With the election on the way, the political parties are working hard to explain that only their plans will cement the UK’s recovery. But how do the Budget and the proposals of the other major parties affect convenience retailers?
Familiar increases in duty on tobacco and alcohol reinforce the UK’s position as one of the most expensive markets in the world. The World Health Organisation predicted recently that sales of tobacco through illegal channels will exceed legitimate sales by the end of the decade. The social justifications are growing more and more tenuous as we see the criminal industry thriving in our most deprived communities.

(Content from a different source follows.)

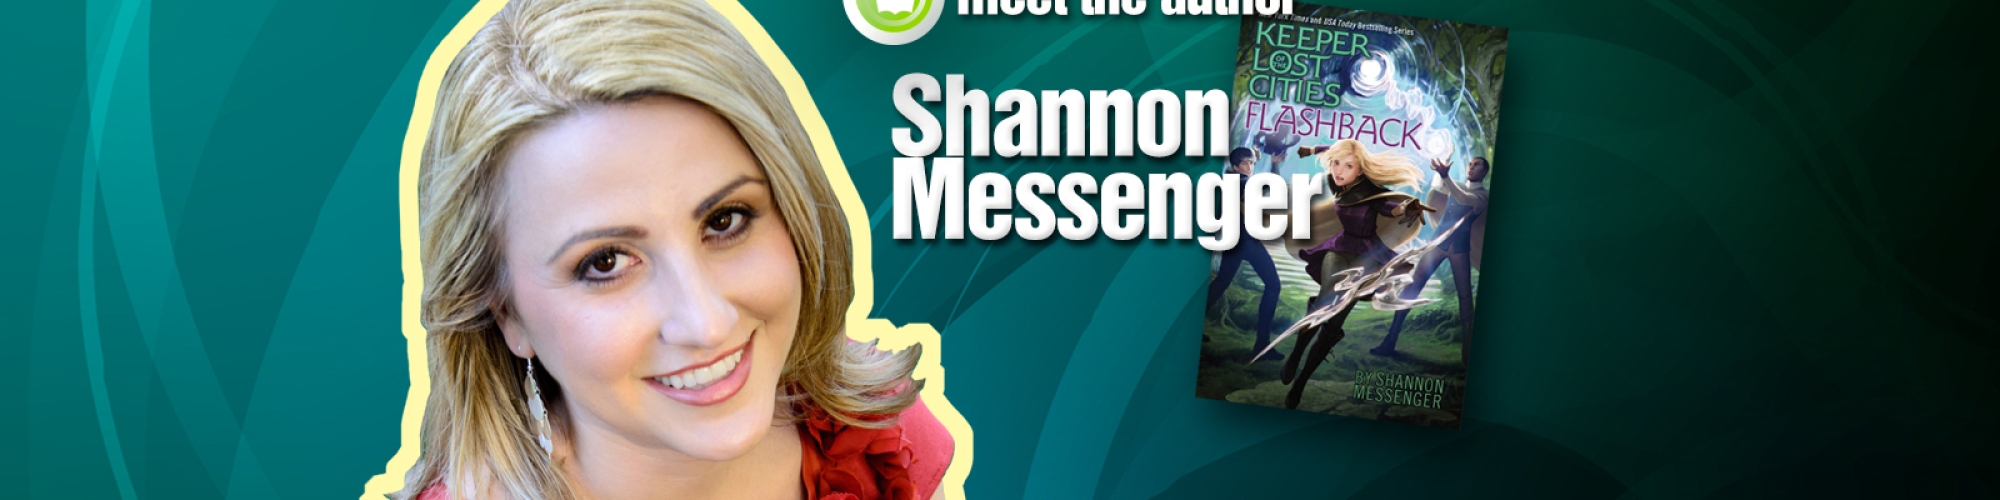 Meet the Author: Shannon Messenger

Unfortunately, we cannot expect that a Chancellor of a different political persuasion will seriously consider ending the duty escalators. Indeed, the Chancellor’s raid on the cider industry was an idea borrowed from his political opponents and unlikely to make either Party popular in the West Country.
There was brief excitement at the concept of a business rates cut for a year from this October, but the thresholds involved (a rateable value below £12,000 per annum) mean that few retailers in our industry will benefit.
Also hidden away in the pages of the Budget was the biggest economic policy announcement for our sector, a 2.2% increase in the minimum wage. This puts huge pressure on available staff hours and jobs in retail. This increase is both badly timed and ill judged.
If there is no change of government after the election, decisions in the latest Budget will be quickly replaced by new measures, and we have reason to be fearful of tax increases such as a hike in VAT.
Once the election fight has concluded, the real decisions will be made on spending and we will have a clearer idea about how we are set for the next few years.